Analyzes IEEE, SIAM, ACM, and Springer format bibliographies for correctness. The tool parses an input PDF and checks the correctness of DOI links, ArXiv IDs, titles, and authors against online metadata. Currently, the tool searches OpenAlex, Citeseer, Arxiv, Googlebooks, DBLP, and OSTI's openly available APIs. This citation checker performs python string comparisons to check for correctness. No generative AI tools are used when running this tool, allowing for it to be run during the paper review process. This tool is only intended to be used as a first pass, not to replace human reviews. Please manually verify all citations for which the tool is unable to find a match.
Note: the arXiv API does not allow for checking against previous versions of papers. If either the title or authors fail to match against an arXiv paper, make sure to manually check previous versions.
The bibcheck package can be installed with pip. To install, run the following from the outermost directory:
pip install .
After installing, you can check the accuracy of citations in a PDF through bibcheck filename.pdf
-ieee: Assume IEEE-formatted bibliography (default)-siam: Assume SIAM-formatted bibliography-acm: Assume ACM-formatted bibliophgray-springer: Assume Springer-formatted bibliography-write_out: Saves output to a word .docx file instead of printing to stdout.

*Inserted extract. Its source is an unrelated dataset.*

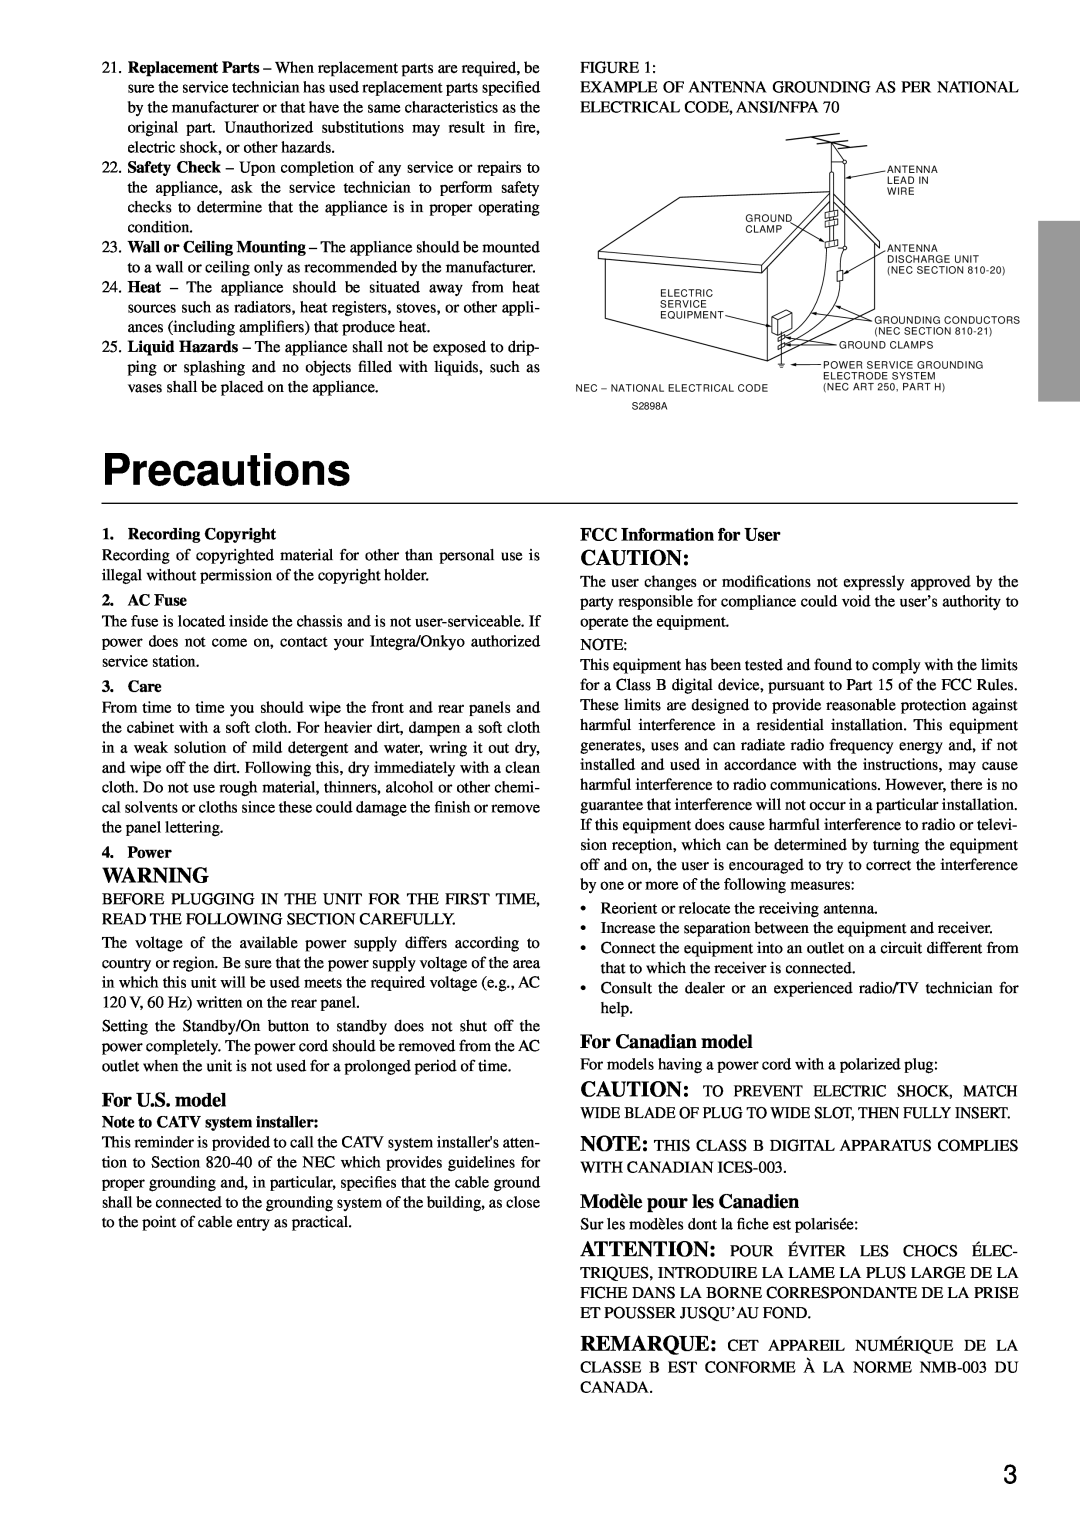 Integra DTM-5.3 Precautions, For U.S. model, For Canadian model, Modèle pour les Canadien, FCC Information for User 
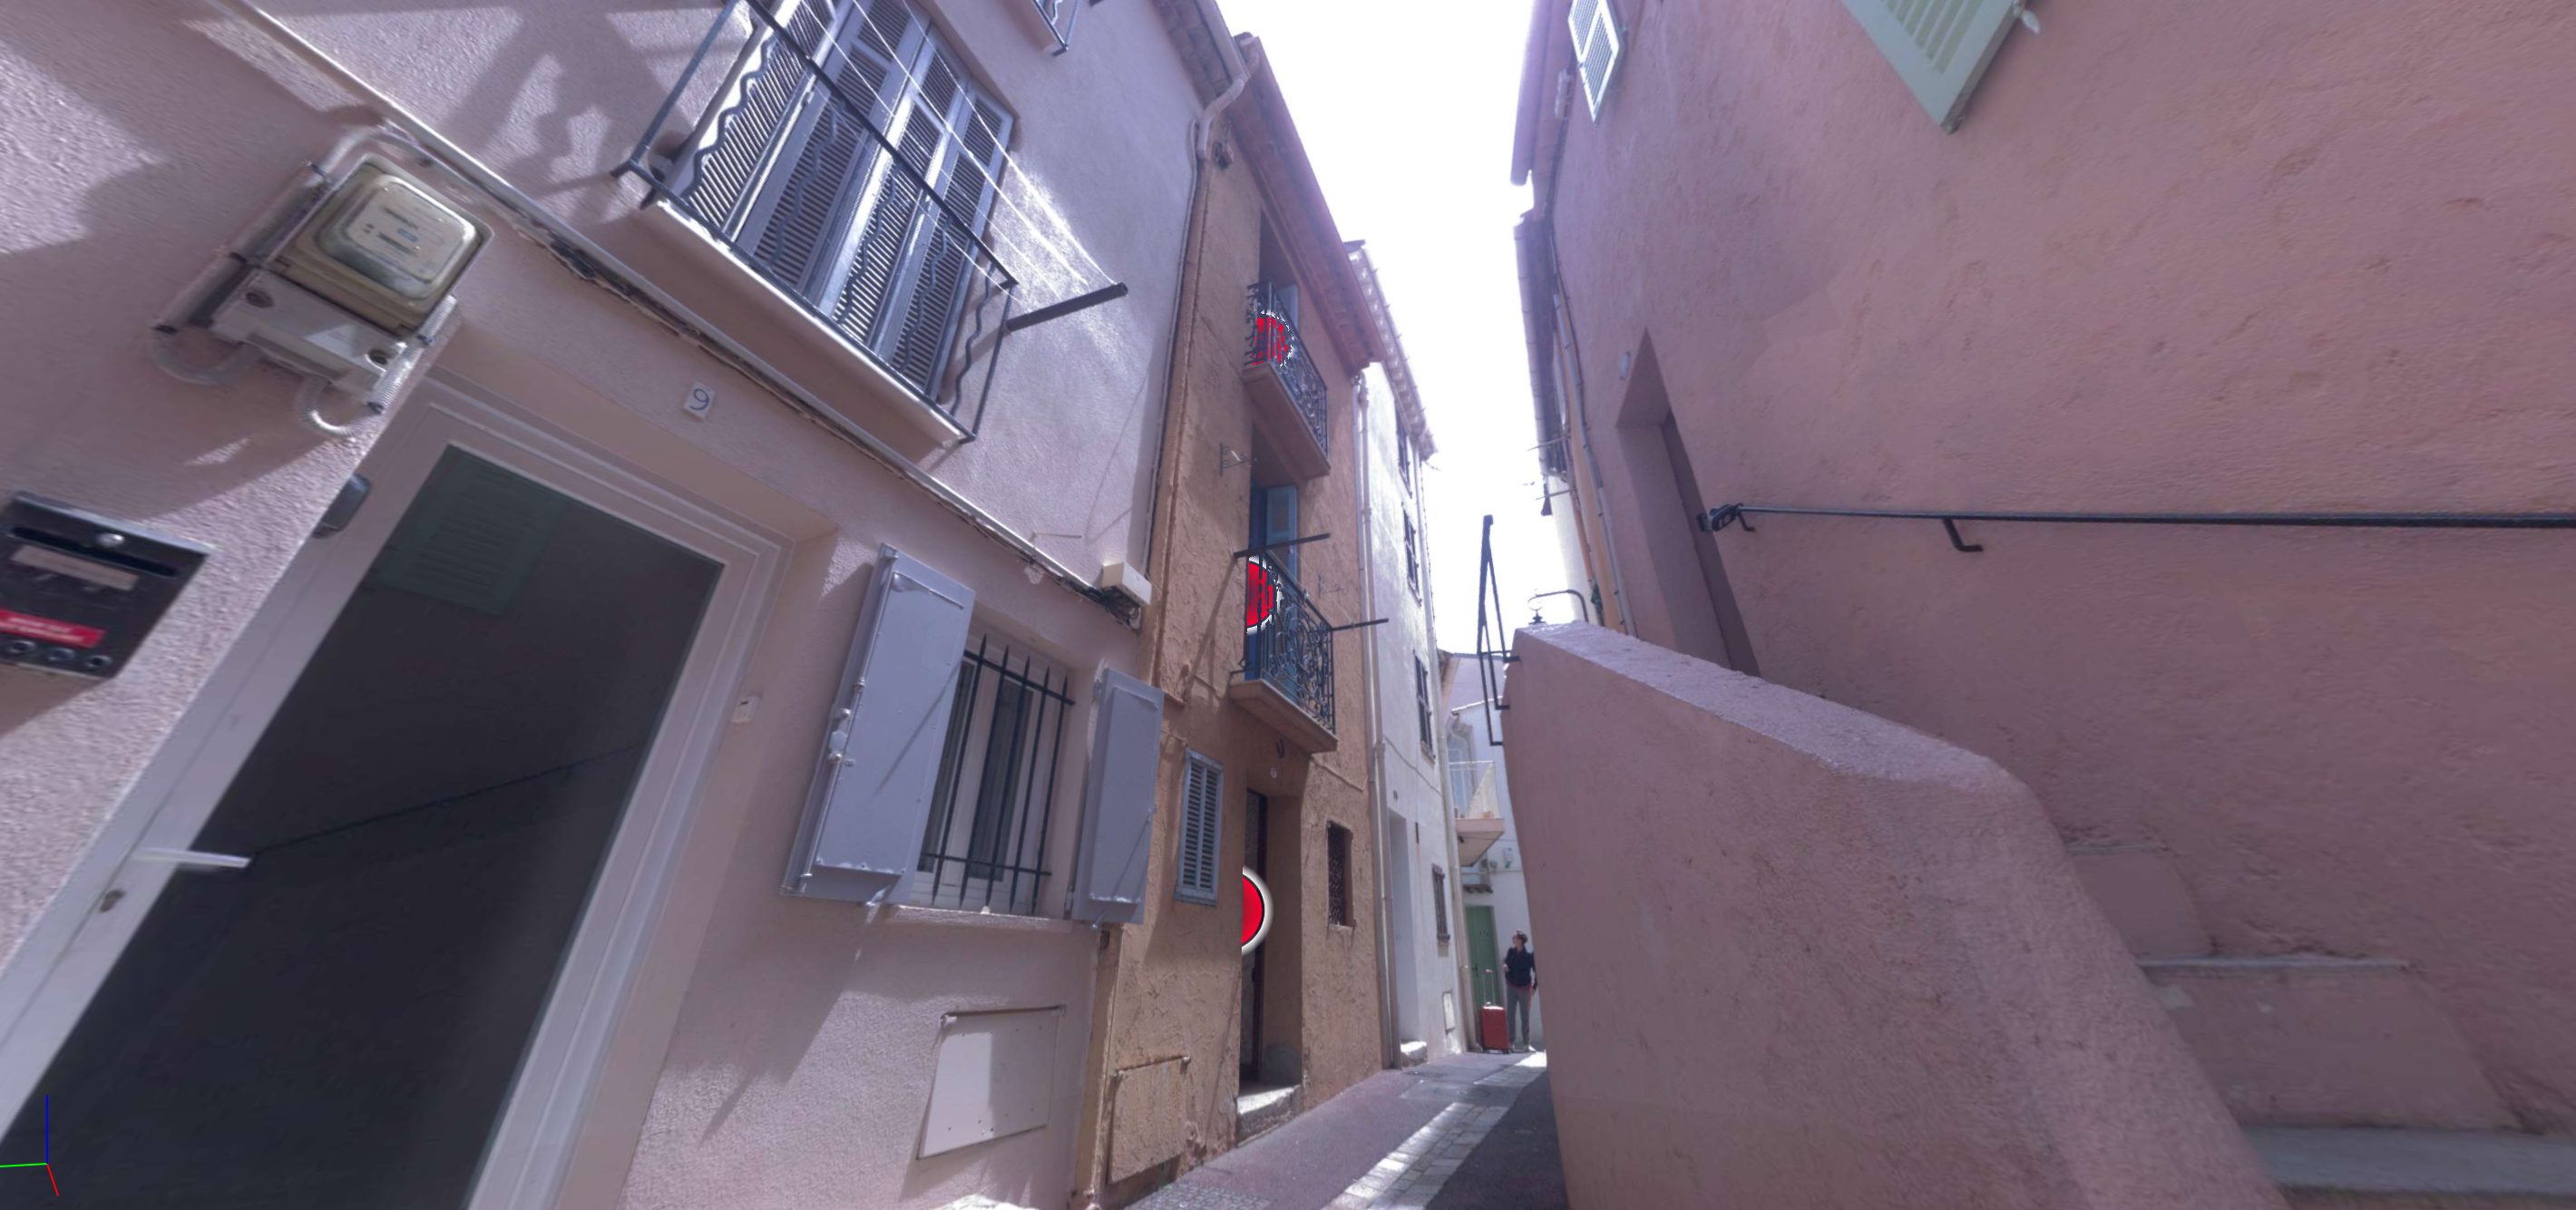 Découvrez l'histoire cachée d'une maison du Suquet à Cannes grâce à notre relevé 3D avec Leica BLK 360. Une révélation en 3D signée SANAGI Nous avons enregistré une image de la photo de l'entrée.

The codebase will output citation validation information, including the following. If titles or author lists to not match searched metadata exactly, the closest match is output, and differences between the two are highlighted in red or orange.
-
# found exact title/author match -
# does not match expected <> format -
# excluded from search (exclusions.json match) -
<Parsed citation>(unless matched exactly or excluded) -
Title does not match searched metadata! GIVEN TITLE: ... FOUND TITLE: ... -
Authors do not match metadata for FOUND TITLE! GIVEN AUTHORS: ... FOUND AUTHORS: ...
- Only validates against metadata stored in publicly available APIs (e.g. OpenAlex, arXiv, and similar). Citations containing Github and common HPC websites are excluded from validation; will output
# excluded from search (exclusions.json match). - Parsing PDFs is an error prone process. When a citation cannot be validated, the original citation is output so that you can check it against the closest found match.
- Authors do not always conform to the expected citation format. When this happens, this checker searches for a general match, potentially parsing incorrectly. If a citation does not match the expected format, you will see
# does not match expected <ieee|acm|siam|springer> format. - Some PDFs are formatted in a way that they cannot be extracted to readable text with PdfReader. I have come across a couple papers that, when extracted to text, have no spaces. This codebase will not be able to find matches for those papers.
The file exclusions.json includes keywords/phrases that indicates a citation should be excluded from the search. For instance, if a reference contains a Github link, it is excluded from the search, as publicly available APIs will not be able to find codebases. You can add additional exclusions by creating your own JSON file and passing it to the bibliography checker with --exclude-file <exclusionfile.json>.
Please reach out if you have any issues! I am also happy to parse additional bibliography formats.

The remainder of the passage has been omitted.